With some of the new residual topical treatment (the spray and the
liquid applied to the dog’s neck), environmental control may become
much less a concern. In some cases, treating the dog with these
new products will effectively control the environmental problem.
Flea-killing
powders are available that are worked deeply into the carpet and
are non-toxic to people. These powders are not removed by vacuuming.
Diatomaceous
Earth is a non-toxic flea treatment, but doesn’t last as long as
the boric acid products. You can usually purchase it at pet stores
and pool supply stores where it is used in filters. Sprinkle it
on the carpets, and then vacuum it up later. The tiny bits get in
the breathing pores of the bugs and suffocate them. Monthly applications
are recommended in areas with heavy flea populations, especially
during the height of flea season.
Boric acid products, such as Flea Busters and Fleago, work in a
similar fashion to the diatomaceous earth by dehydrating the fleas.
When applied correctly, they offer protection for up to a year or
more as they remain deep in the carpet fibers.
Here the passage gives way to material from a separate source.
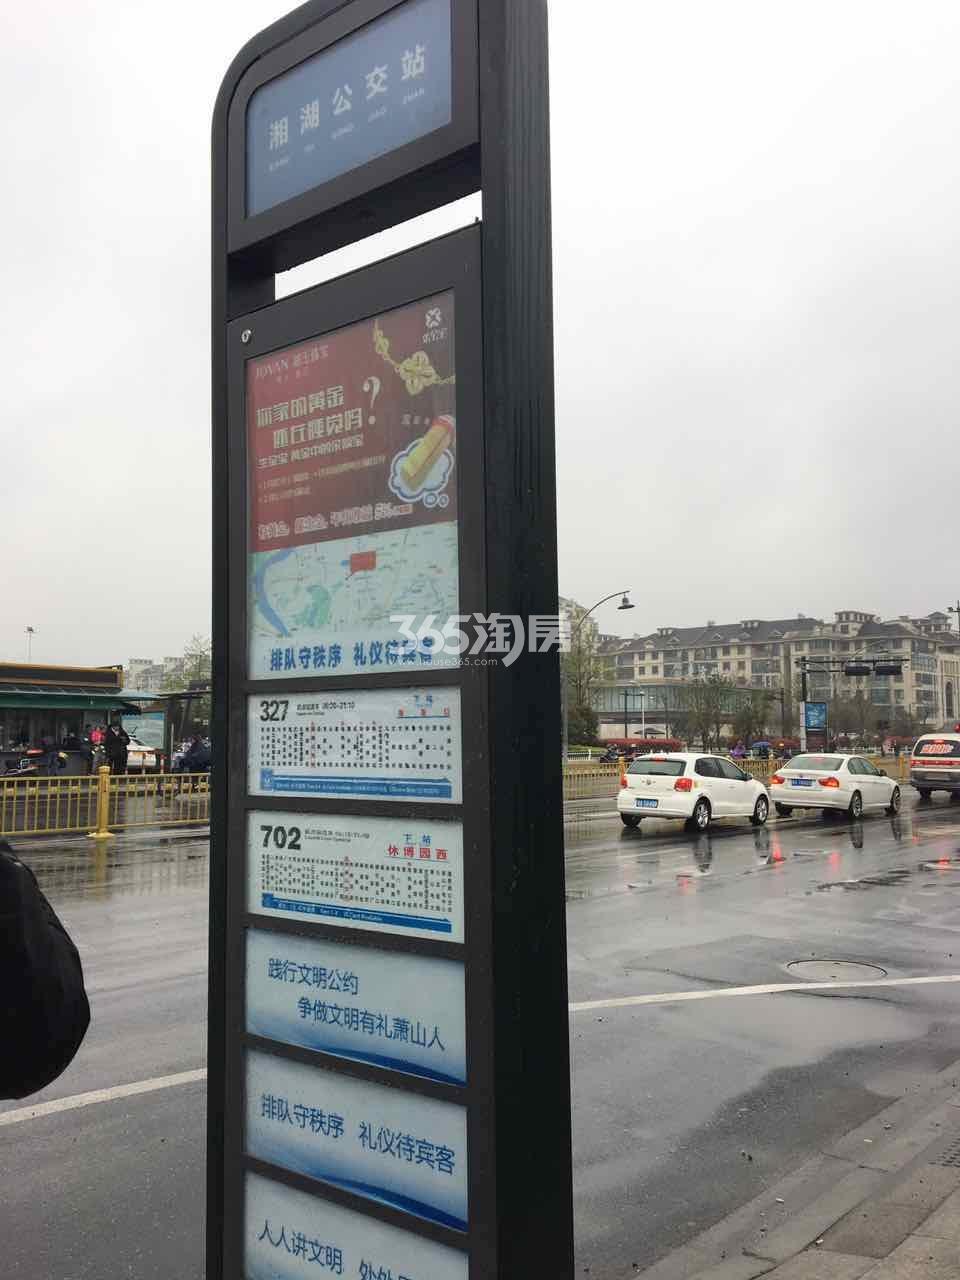 都会艺境周边配套——湘湖公交站实景图 2017.3.30摄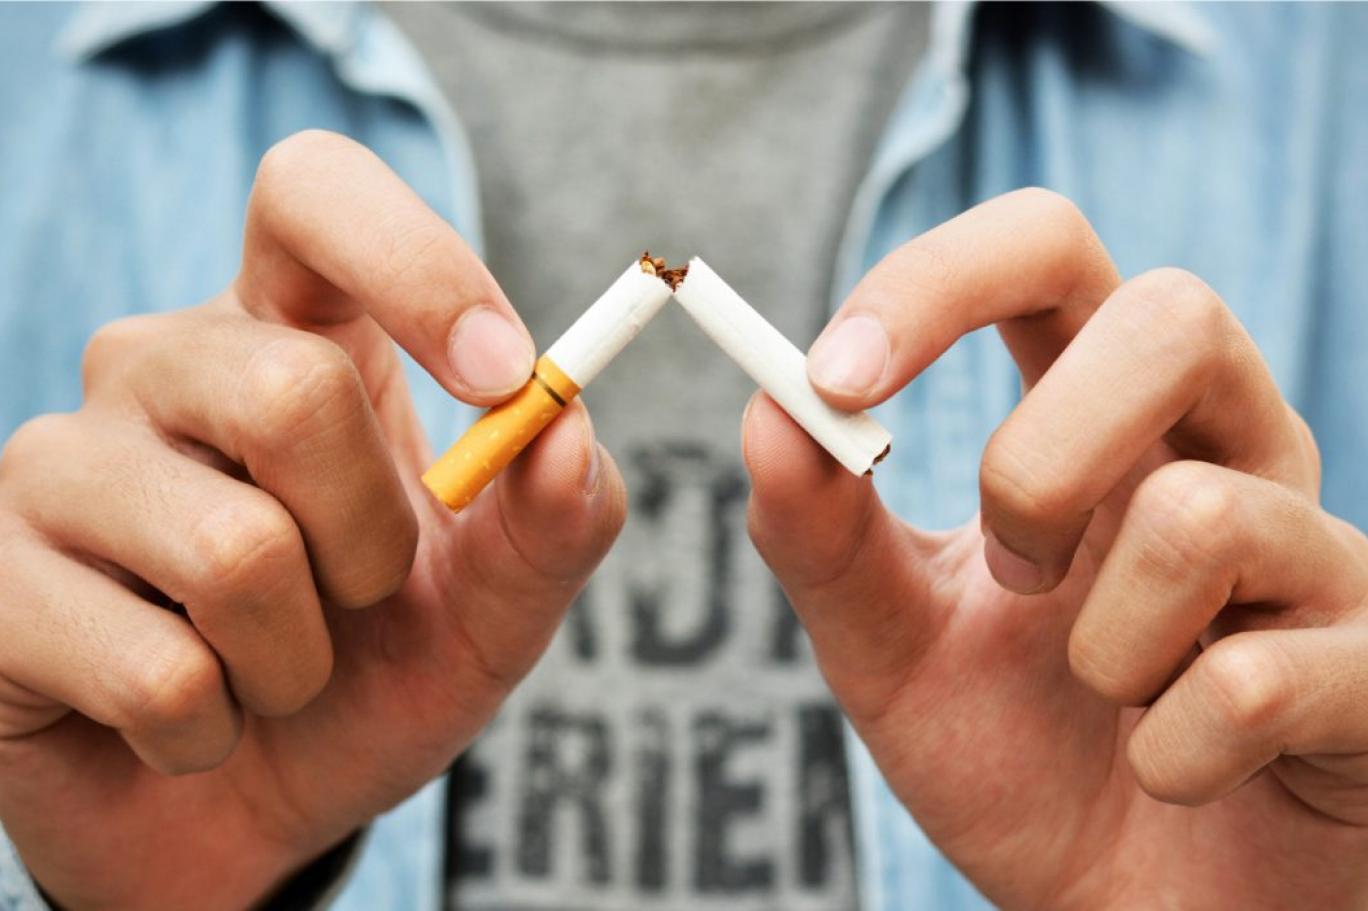 Boni-Smok là sản phẩm giúp bỏ thuốc lá hiệu quả, an toàn cho người hút thuốc lá

The powder is non-toxic
to people and is worked deeply into the carpet to prevent it from
being removed by vacuuming. This treatment has proven very successful,
even with very heavy flea infestations.
An
old standby, 20 Mule Team Borax is sprinkled in the carpet and under
the furniture cushions, leave a few days and then vacuum. The borax
extracts all of the moisture and they die – eggs as well.
With all of the flea powder products follow package directions carefully.
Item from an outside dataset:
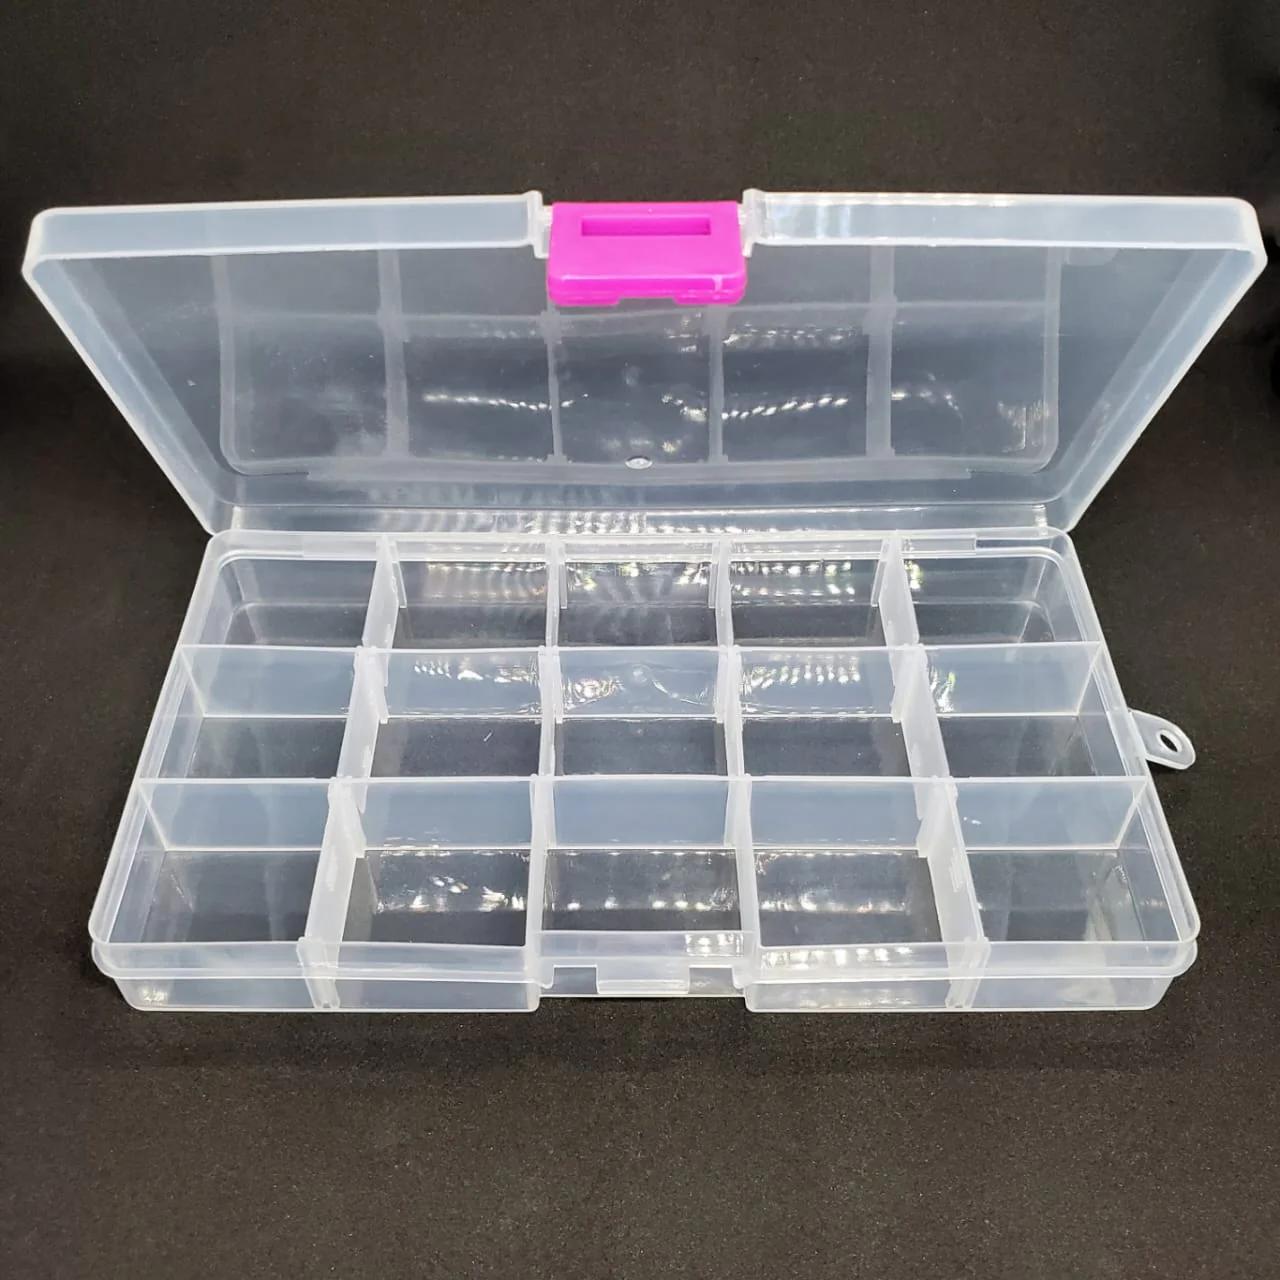 cajas de plastico transparente con divisiones - Qué son cajas apilables

They are drying agents, and therefore irritate nasal passages and
lungs if inhaled directly. Avoid vigorous shaking of the container
while spreading it onto the floor so you don’t create clouds of
dust.
A professional
exterminator can be called in for yard control with various insecticides.
Or you may use these insecticides yourself. Be sure that any insecticide
used has a 30-day residual. Some of the newest products which contain
the growth regulator fenoxycarb are labeled for use only once or
twice a year.
Fleas
love grass, which is where most dogs pick them up from in the first
place! There are outdoor flea remedies that can be applied to grass
by sprinkling the powder or with a hose sprayer for yards and gardens.
Beneficial
nematodes that are flea parasites are another way to control fleas
in the yard. They are tiny little bugs that prey on both adult fleas
and larvae. They can be applied with a hose sprayer on a yard, or
with a watering can on a garden.
Flea
Traps is a safe and simple permanent appliance that uses heat and
light to draw fleas from up to 25 feet away. Fleas are attracted
to the trap and fall right through the grid and meet a sticky death
on the replaceable capture pad. Adult fleas are killed by the thousands
on the replaceable capture pad. Works year round without poisons,
expensive pills, or visits to the vet. Capture pads last for 3 months
or until filled with up to 10,000 fleas.
Other
flea traps are electric and work by emitting gentle heat which attracts
fleas and traps them on sticky paper.
Many
dog owners swear by garlic and brewer’s yeast to keep fleas away,
or plant herbs such as pennyroyal, southernwood, or wormwood around
dog kennels and near doorways, use herbal flea collars, brush lavender
or eucalyptus oil into the dog’s coat once a week, or sprinkle dried
leaves of lavender, rosemary, sage, or eucalyptus in the dog’s bed
to keep fleas away – but no evidence exists to prove these plant
products are valuable preventives.
Unfortunately,
complete flea control is not always possible for dogs that live
outdoors in warm and humid climates, because new populations of
fleas can hatch out every two to three weeks.